The gig in Vancouver was to cover a big international art show. Most of the stuff on the SHIT WE HAVE TO HAVE list involved the art museum downtown. The first morning, we took shots outside, of a big sculpture and of some of the foreign tourists in their weird eyeglasses and pointy shoes.
The rest of the day we were inside, shooting the artwork. My favorite was this one room that had three huge car wash cylinders, standing in a row, the ones that spin and have the cloth strips that wipe down your car. Not moving, they looked like three enormous Christmas trees. But then, while you were standing there, one of them would start spinning, going faster and faster, so that the cloth strips would stretch out from the centrifugal force. Then it would slow down and a different one would start to spin. Then another. Then they’d all spin at the same time. I know it sounds sort of pointless, but when you were watching it, and hearing it, and feeling the vibrations in the floor . . . well . . . it was pretty mesmerizing.

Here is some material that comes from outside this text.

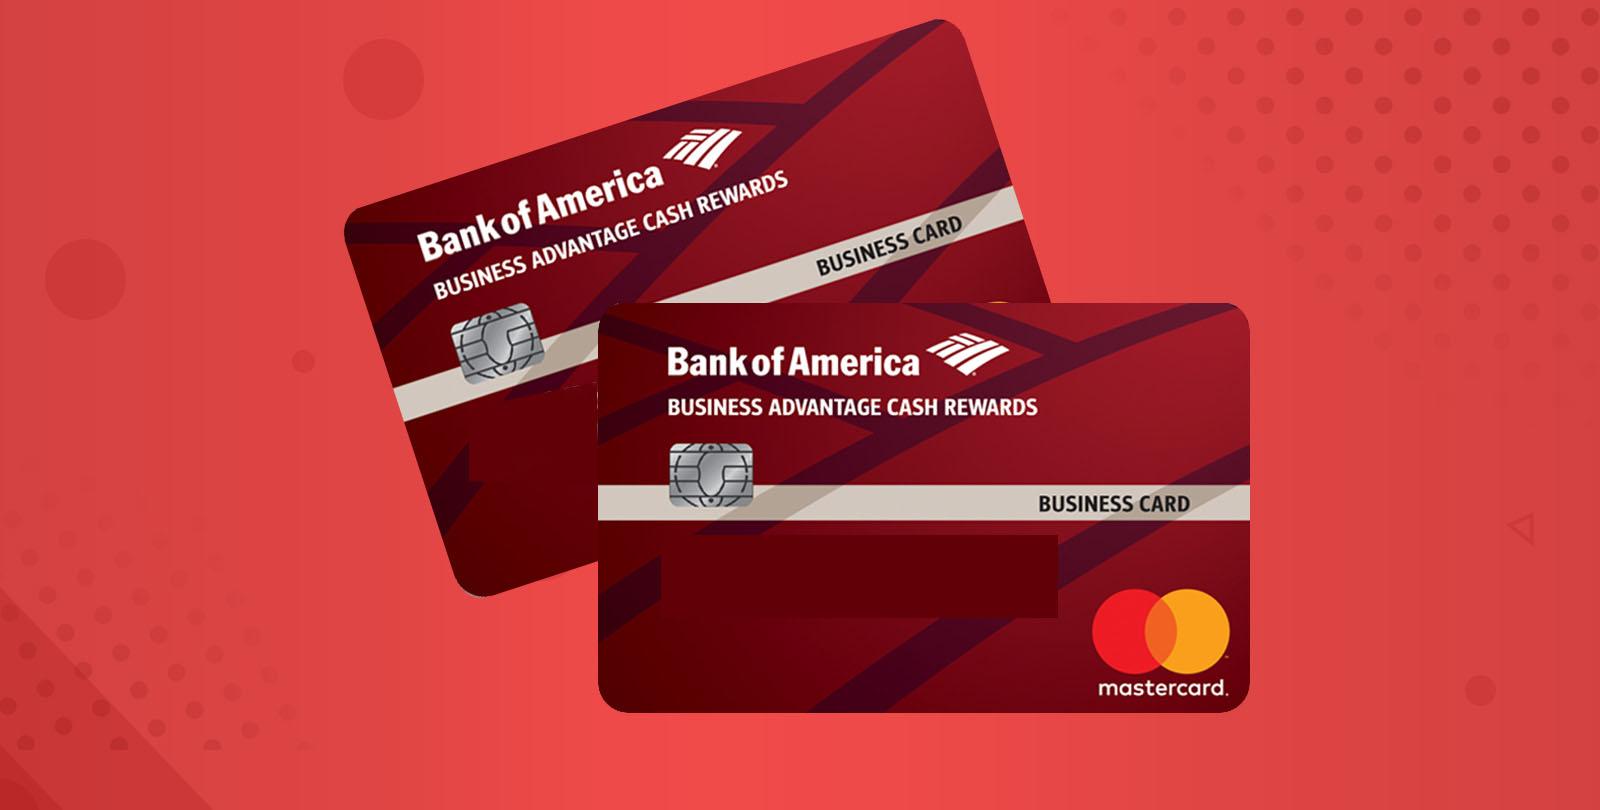 Business Advantage Cash Rewards card

Lots of the art pieces were like that. You’d stand there and try to figure out what the point of it was, or if there even was a point. And then you’d be like, Who could have thought of that? And all you could think was: a very strange person.
Richie wasn’t into the art. He thought most of it was bullshit. He liked the people more. He was always taking pictures of the best-looking women and then trying to chat them up. I kept telling him about the car wash cylinders, but they were in a special room, in the basement, and he couldn’t be bothered to go down there. Finally he checked it out, and then he liked it. He took a bunch of pictures of it. He said, “I should have brought my car.”